The Cages

So I am Cage Free Momma, so what exactly does that mean?

Well, to be honest, the phrase, for me, means several things.  The most obvious is I have a heavy stance in favor of cosleeping, and eliminating the use of cribs as they are used in many homes today.  Now, this is not to say that having a cage free baby is for everyone.  This is of course the "literal" layer of being cage free.

Now, there is more to it than that.  I mean, I couldn't have a blog and just rant and rave about being against the use of cribs could I?  Not really.  The cages I really mean are not really physical but the cages imposed on us, as mothers, by society. We must work to break out of these cages, or boxes, that society likes to put us in, and our children.  We have doctors, nurses, commercials, advertisements, family, friends, and every stranger on the street trying to tell us how to parent, and what we have to buy our children to parent effectively.

When we're pregnant we're bombarded with books on birthing and pregnancy, most of which are skewed in the direction to favor doctors and hospitals.  Studies have recently showed that women do not know about their birthing options in the US.  Women are fed information that there is no proof of, and then they suffer what is tantamount to rape at the hands of their doctors and nurses, and when they complain, they're told, what do you expect you're having a baby.  Women who decide to birth at home are considered dangerous, and women who choose midwives are scoffed at by doctors.  Why is the business of birth run by a male dominated field that less than 50 years ago decided that women couldn't handle birth so should be knocked out with drugs that were detrimental to the baby?  And previous to that, men in the medical field banned midwives because they offered pain relief with herbal remedies, and felt that women during labor and birth should "suffer" for the sins of Eve.  There's not a good tract record here for medical interventions in birth.

When we have infants, we're bombarded with baby care books that tell you different things, and most of them leave out one important thing: you don't need parenting books to be an effective parent.  Nearly none of them acknowledge that mothers have instincts, and most try to convince them to override those instincts in favor of "better" parenting.

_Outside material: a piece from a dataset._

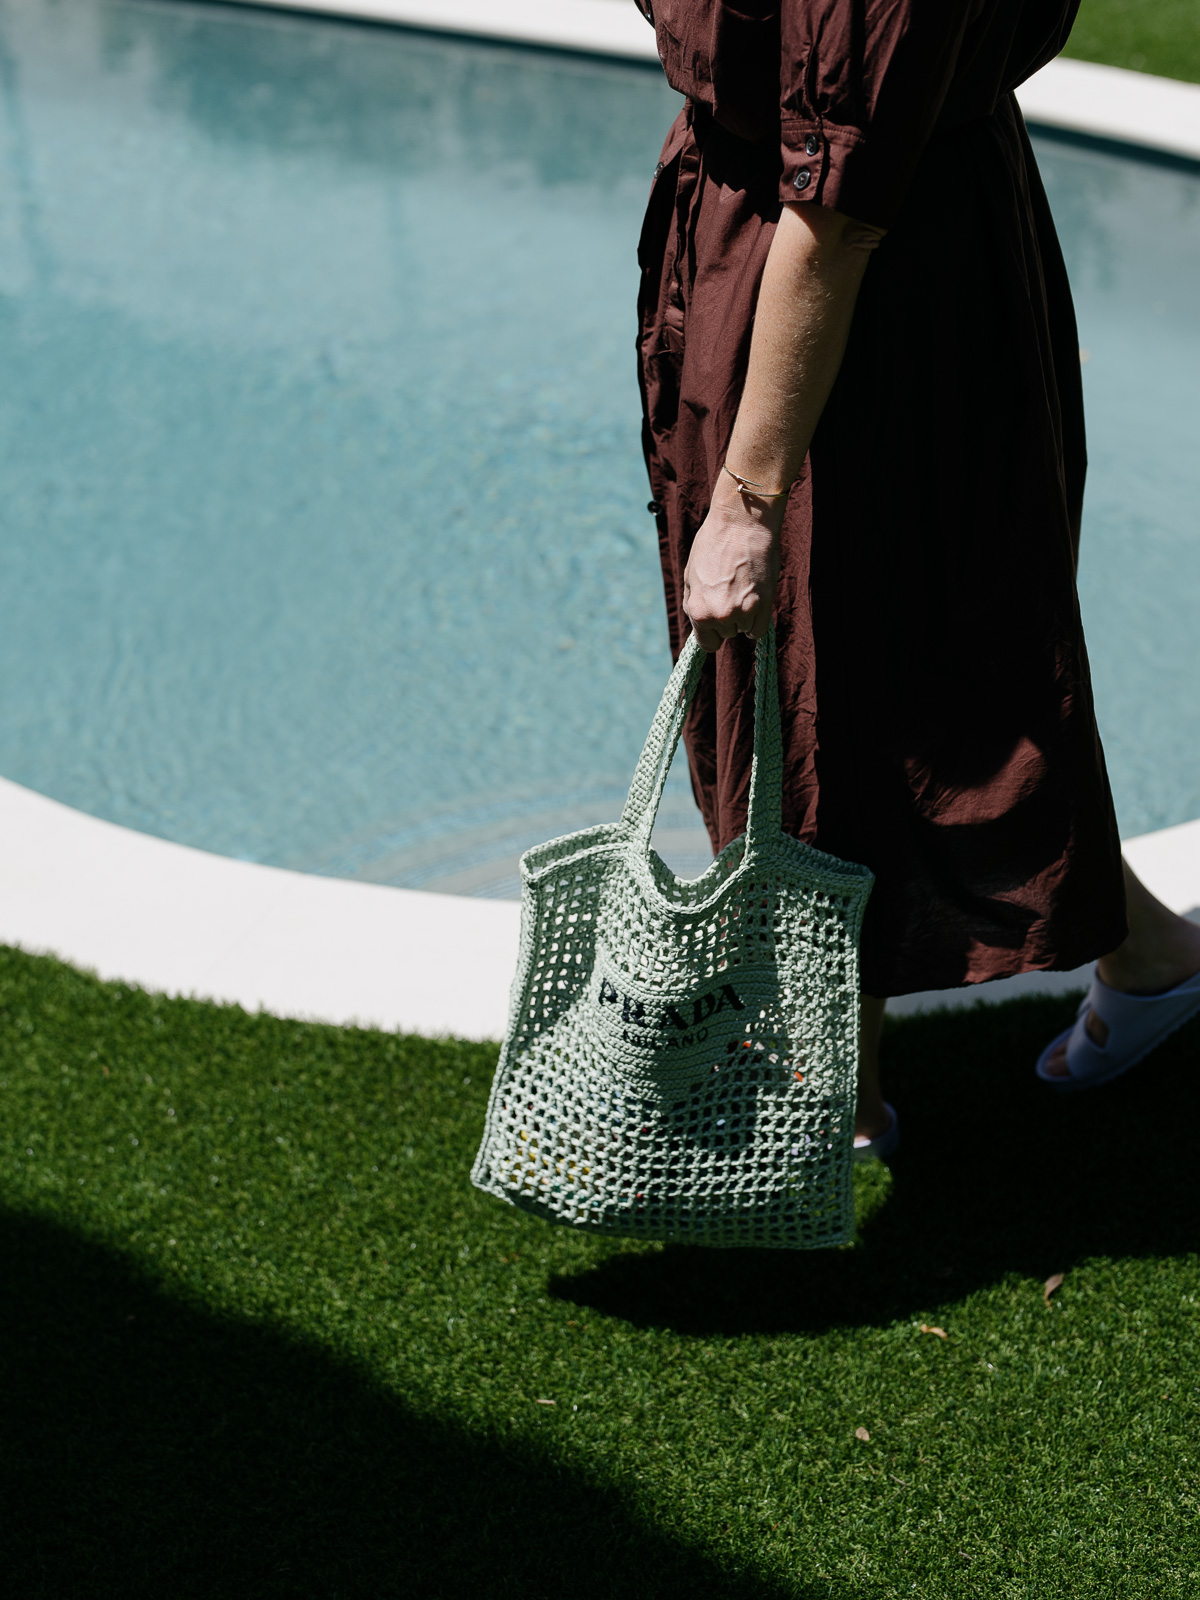 Prada Raffia Tote Bag with Origin Imbued with Summery Mood – EliteLaza

And also with all of this junk we have to buy to keep our child occupied and out of our hair.  We have all of these things that separate us from this tiny, perfect person we just brought into the world, and why? Because companies want to make money.  A newborn needs some diapers, a mother with a pair of boobs, and maybe some clothes, and that's about it.  But the society we live in inundates us with all of the accessories that go with caring for a child.  Crib manufactorers distribute SIDs prevention information, while US SIDs rates continue to skyrocket, while countries with little to no use of cribs, have no words for SIDs in their languages because the event is so rare.  Doctors' offices have large displays of formula, and doctors receive kickbacks from the companies under the table and give subtle hints to mothers that they should use formula and undermine their attempts to breastfeed without them even knowing.

Wen we have toddlers, we're bombarded with more baby books, and told how to discipline them by every person who comes along.  We're told out children need to develop along this path, and parents worry when their child is not exactly like everyone else's child in the ways of development.  Doctors and dentists discourage toddler nursing with incorrect information about night nursing damaging teeth in the same way bottles do (which is incredibly incorrect, the mechanics of a natural nipple are no where near the same as an artificial one).  Formula companies continue to force "toddler" formula on  parents, trying to convince mothers their children cannot get enough nutrition any other way.

And things go on and on.  The cages just keep coming and blocking us in.  Women with children that fall in the "abnormal" category are scoffed at and told how to raise their kids.  They are told that their doctors have made up all this stuff and other ridiculous things.

Book after book comes out to tell moms what to do.  But they're not all bad.  And that's what this blog is all about.  I try to find the things that break us out of the cages and help us all, kids who are neurotypical, kids who are "normal" (whatever that means), kids who are autistic, kids who are ADHD, kids who are bipolar, kids who are just plain kids, reach their greatest potential.